Education
Related: About this forumEducation, wealth and school quality
What is the correlation between wealth, educational results and school quality?
If a town/school district is wealthy, does that automatically translate into better schools and educational results?
I was on another forum and somebody I was disagreeing with on another issue also mentioned that individual and town/district wealth is the primary driver of educational quality and results. I had disagreed and said that the quality of the schools and students is more important than wealth, though I have no support for my idea (my google-fu is weak on this one.) other than anecdotal evidence. Am I right or wrong?
My thought being that if 90% of students in the good school district go on to a 4 year college and the "average" student there is still going to what is considered a "good" college, he or she benefits more from the overall educational environment than they would in a school where 50% of the students go on to a 4 year college, and the "average" student is going to what is considered an "average" college, or in a school where only 20% of the students go on to a 4 year college, and only a handful go to a "good" college.
Now, I'm not denying that wealth plays a big role, but I don't think it's the primary driver.

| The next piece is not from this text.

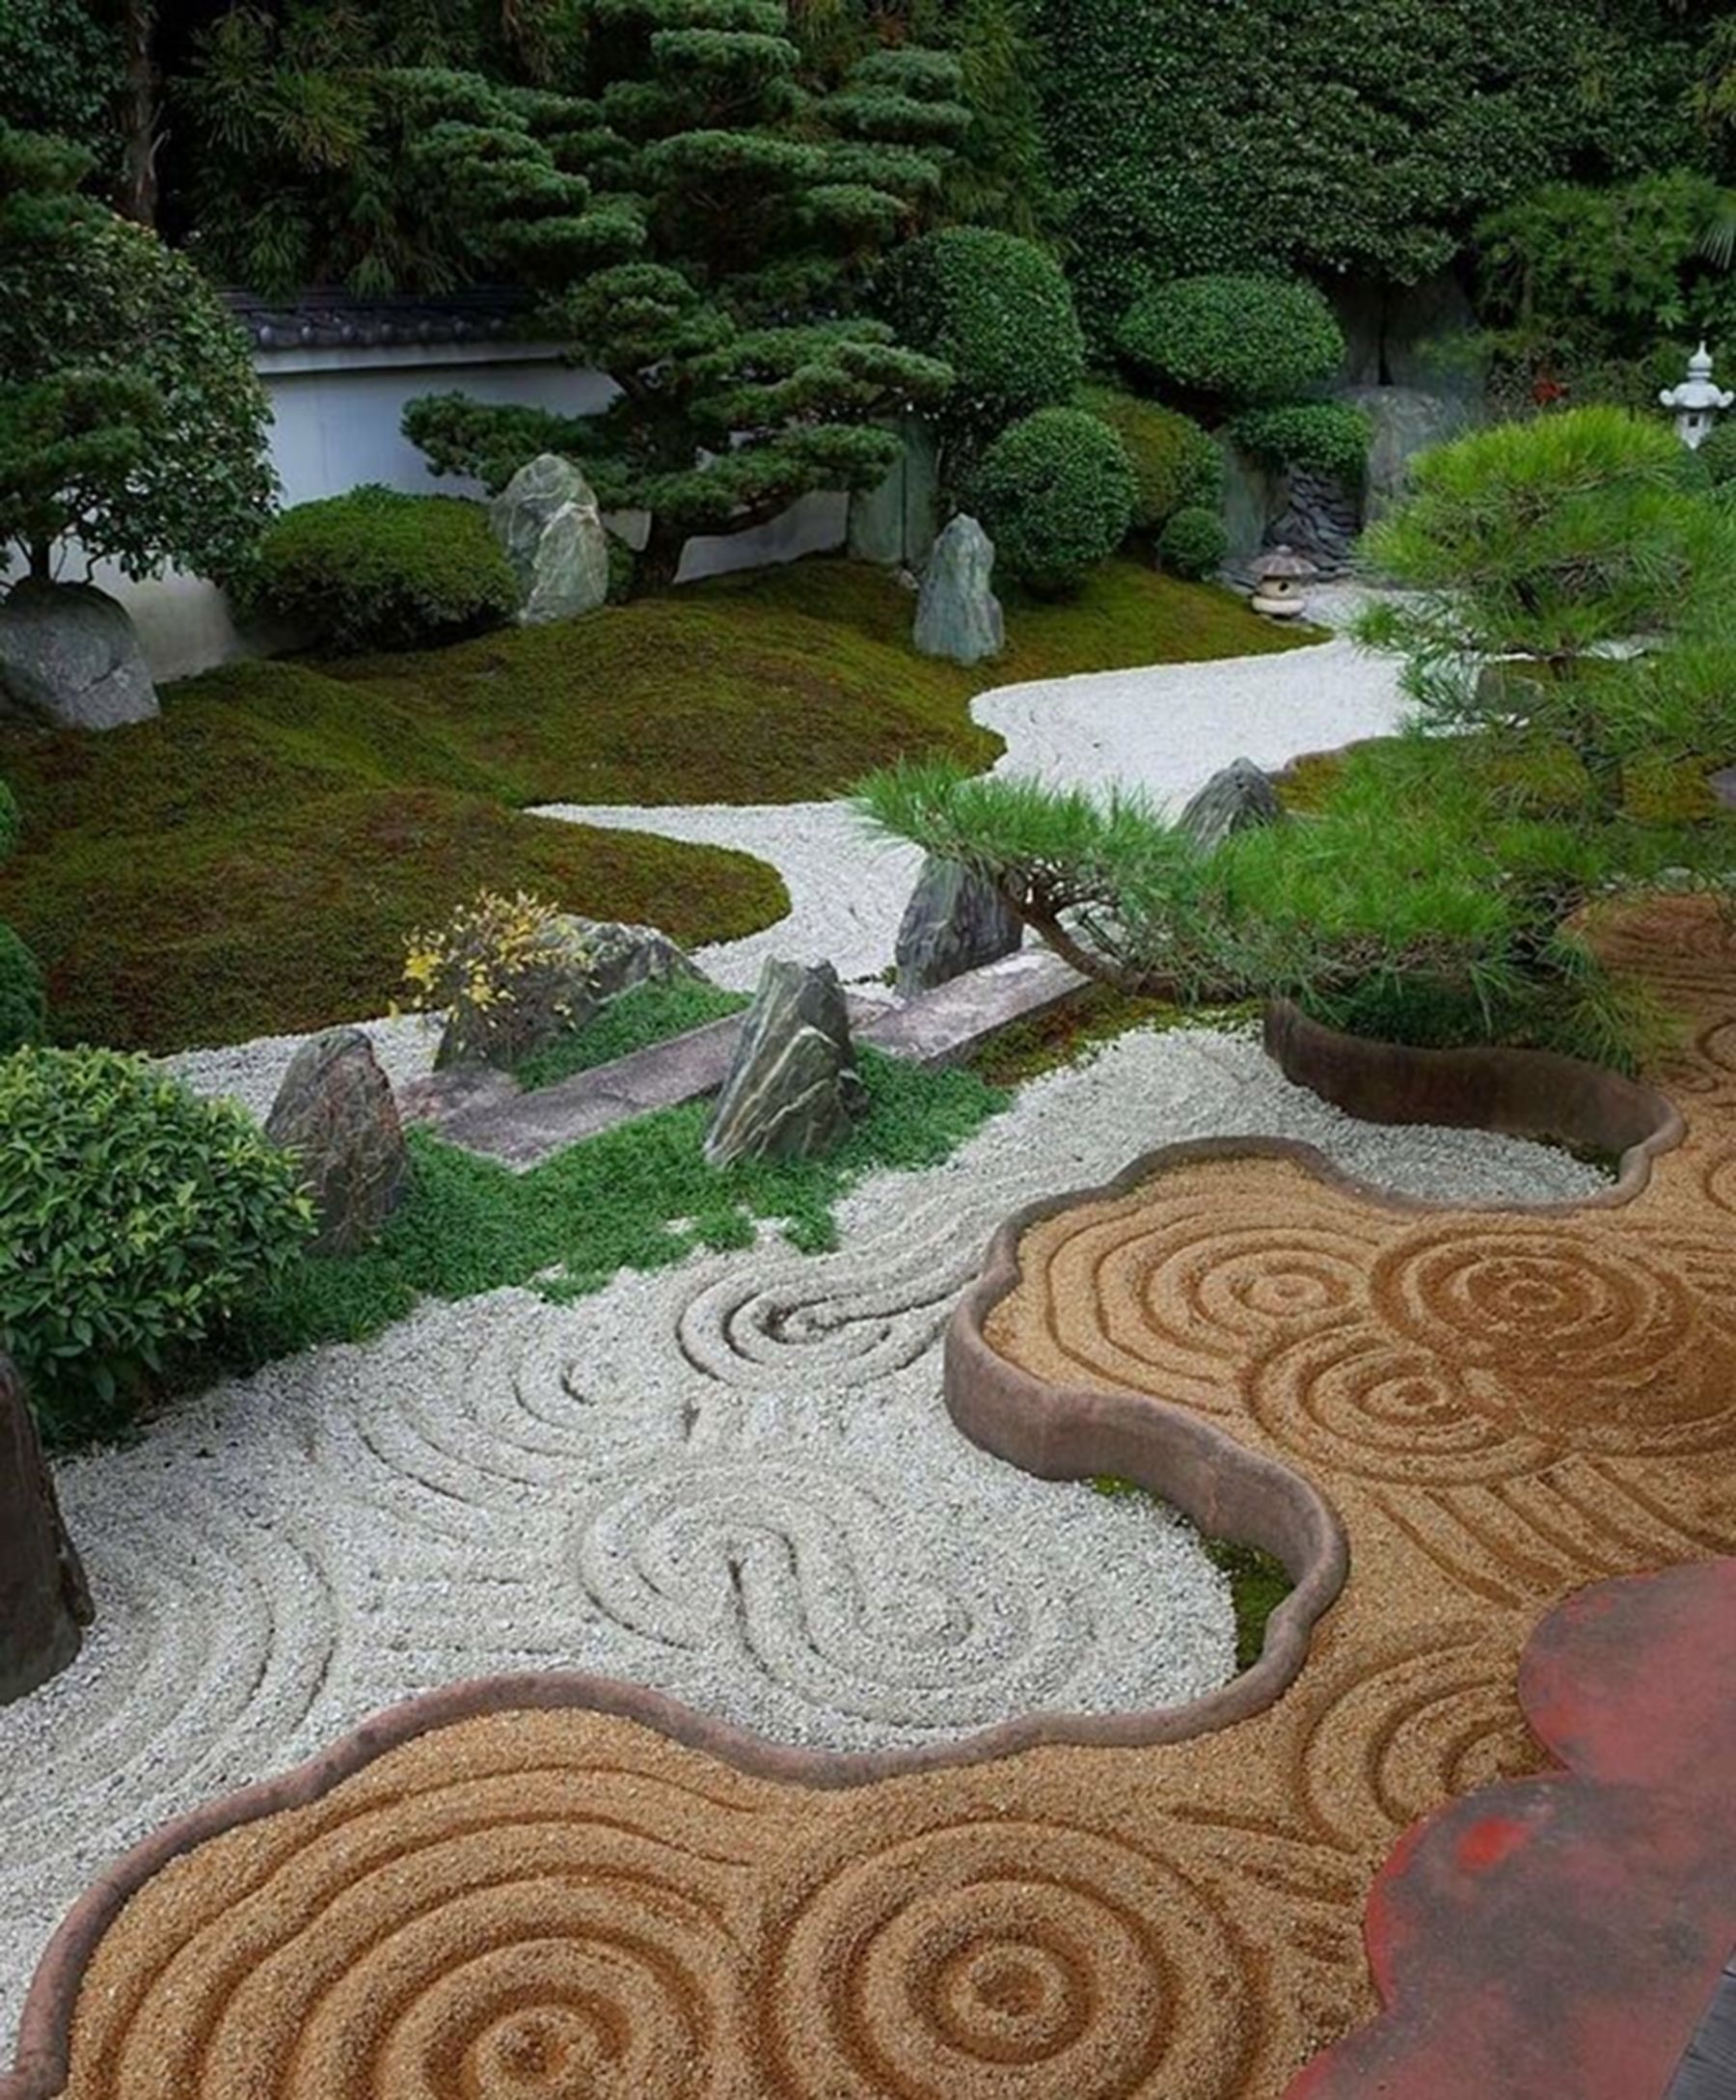 Japanesegardening Zen Rock Garden

I could be way off base, so let me know.
Thanks
elleng
(136,080 posts)and we've failed miserably to address the resulting issues. Quality of schools and students are a function of wealth here, which results in ability to reach good college.
NewJeffCT
(56,840 posts)but, is it the primary driver?
If I took 5 middle class students from the "average" school's middle school and put them in the wealthy town's "good" school for high school, would their results be the same as if they stayed in their town and went to the "average" high school? And, if I did the reverse and put 5 wealthy kids from the "good" school area, they'd still do just as well in the "average" or "below average" schools?
elleng
(136,080 posts)like location and culture of each of the towns and schools being compared.
LWolf
(46,179 posts)I was in college. One of my courses was "psychological testing." It was a history of such tests and the uses of the data generated, with a big focus on determining the validity and reliability of such measures.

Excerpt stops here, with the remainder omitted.